### What the task asks
The expected answer comprises all lines from the entries that contain the string "Skirt".

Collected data
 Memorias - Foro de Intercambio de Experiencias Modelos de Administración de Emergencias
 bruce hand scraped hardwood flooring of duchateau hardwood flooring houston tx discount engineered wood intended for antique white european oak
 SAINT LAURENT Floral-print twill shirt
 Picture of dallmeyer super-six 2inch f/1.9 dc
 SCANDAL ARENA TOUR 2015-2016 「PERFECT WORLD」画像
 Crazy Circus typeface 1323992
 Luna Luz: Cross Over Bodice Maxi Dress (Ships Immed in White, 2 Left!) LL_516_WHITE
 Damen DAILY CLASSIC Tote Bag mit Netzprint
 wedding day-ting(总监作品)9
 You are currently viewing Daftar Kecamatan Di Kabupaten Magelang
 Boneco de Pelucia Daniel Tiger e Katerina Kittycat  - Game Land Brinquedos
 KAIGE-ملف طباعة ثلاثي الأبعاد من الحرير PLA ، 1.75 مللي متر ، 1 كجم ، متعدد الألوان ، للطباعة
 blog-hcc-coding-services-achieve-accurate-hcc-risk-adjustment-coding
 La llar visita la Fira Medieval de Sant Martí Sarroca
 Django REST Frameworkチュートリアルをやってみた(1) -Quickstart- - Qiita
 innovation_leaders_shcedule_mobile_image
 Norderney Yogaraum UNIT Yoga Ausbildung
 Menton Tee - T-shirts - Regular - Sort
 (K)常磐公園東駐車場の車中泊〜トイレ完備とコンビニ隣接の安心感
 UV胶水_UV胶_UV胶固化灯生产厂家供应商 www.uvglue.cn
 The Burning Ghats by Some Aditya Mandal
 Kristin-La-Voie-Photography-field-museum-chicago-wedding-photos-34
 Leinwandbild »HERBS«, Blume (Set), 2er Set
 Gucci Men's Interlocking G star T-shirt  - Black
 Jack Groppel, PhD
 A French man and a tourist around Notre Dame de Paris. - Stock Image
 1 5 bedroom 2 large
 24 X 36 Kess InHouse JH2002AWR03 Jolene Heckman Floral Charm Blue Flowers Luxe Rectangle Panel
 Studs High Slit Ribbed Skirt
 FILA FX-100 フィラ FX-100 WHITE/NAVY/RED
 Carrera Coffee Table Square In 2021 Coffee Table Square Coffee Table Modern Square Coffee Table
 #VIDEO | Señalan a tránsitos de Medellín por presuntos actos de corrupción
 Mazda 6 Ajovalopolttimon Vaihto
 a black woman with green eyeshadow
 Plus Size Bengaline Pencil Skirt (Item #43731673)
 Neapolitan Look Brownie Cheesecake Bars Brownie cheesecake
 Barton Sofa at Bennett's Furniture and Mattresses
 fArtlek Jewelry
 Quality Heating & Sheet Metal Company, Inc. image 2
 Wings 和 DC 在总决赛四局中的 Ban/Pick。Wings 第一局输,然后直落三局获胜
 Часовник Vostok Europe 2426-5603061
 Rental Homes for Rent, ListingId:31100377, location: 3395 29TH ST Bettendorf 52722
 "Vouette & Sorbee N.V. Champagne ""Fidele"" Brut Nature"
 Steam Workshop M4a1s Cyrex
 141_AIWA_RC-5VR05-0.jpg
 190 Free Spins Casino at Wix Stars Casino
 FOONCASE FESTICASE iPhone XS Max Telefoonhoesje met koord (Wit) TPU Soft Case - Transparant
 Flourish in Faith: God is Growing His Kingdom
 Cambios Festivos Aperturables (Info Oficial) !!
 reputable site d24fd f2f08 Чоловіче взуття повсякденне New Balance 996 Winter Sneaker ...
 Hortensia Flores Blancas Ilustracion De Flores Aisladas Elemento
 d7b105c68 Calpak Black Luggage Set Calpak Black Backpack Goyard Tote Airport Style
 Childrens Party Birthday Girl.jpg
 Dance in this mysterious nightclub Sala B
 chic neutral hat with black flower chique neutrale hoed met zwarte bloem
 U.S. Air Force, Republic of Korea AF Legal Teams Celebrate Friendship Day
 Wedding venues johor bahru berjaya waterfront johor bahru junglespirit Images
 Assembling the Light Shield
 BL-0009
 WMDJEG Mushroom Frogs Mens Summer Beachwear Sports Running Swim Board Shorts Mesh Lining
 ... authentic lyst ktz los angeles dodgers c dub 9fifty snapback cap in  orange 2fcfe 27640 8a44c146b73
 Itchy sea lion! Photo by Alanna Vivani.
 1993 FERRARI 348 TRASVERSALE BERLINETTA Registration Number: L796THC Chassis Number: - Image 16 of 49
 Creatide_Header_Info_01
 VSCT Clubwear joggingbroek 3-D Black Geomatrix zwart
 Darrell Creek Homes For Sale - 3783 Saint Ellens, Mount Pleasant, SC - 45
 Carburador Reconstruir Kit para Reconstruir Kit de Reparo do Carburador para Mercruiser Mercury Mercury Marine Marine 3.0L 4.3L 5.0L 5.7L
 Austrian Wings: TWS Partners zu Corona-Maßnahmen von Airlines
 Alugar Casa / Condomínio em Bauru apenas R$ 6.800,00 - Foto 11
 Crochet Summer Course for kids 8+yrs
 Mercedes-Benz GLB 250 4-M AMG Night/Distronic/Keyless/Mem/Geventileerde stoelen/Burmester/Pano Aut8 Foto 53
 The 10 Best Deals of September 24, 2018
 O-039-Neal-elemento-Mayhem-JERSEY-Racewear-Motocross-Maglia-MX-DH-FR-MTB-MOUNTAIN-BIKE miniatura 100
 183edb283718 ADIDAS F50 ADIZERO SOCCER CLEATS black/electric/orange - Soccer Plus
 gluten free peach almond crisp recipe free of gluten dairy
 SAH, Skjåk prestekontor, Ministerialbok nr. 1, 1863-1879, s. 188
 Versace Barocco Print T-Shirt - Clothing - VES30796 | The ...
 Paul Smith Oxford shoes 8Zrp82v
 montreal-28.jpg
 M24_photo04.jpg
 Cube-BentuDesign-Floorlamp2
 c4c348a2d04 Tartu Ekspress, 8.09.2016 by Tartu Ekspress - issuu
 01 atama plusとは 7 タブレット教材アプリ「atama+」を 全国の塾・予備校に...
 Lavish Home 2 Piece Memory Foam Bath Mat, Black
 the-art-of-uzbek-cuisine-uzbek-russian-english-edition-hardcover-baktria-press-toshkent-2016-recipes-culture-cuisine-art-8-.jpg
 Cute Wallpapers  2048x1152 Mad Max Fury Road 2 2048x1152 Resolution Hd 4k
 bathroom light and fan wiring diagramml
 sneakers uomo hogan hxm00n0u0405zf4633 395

### Answer box
 Studs High Slit Ribbed Skirt
 Plus Size Bengaline Pencil Skirt (Item #43731673)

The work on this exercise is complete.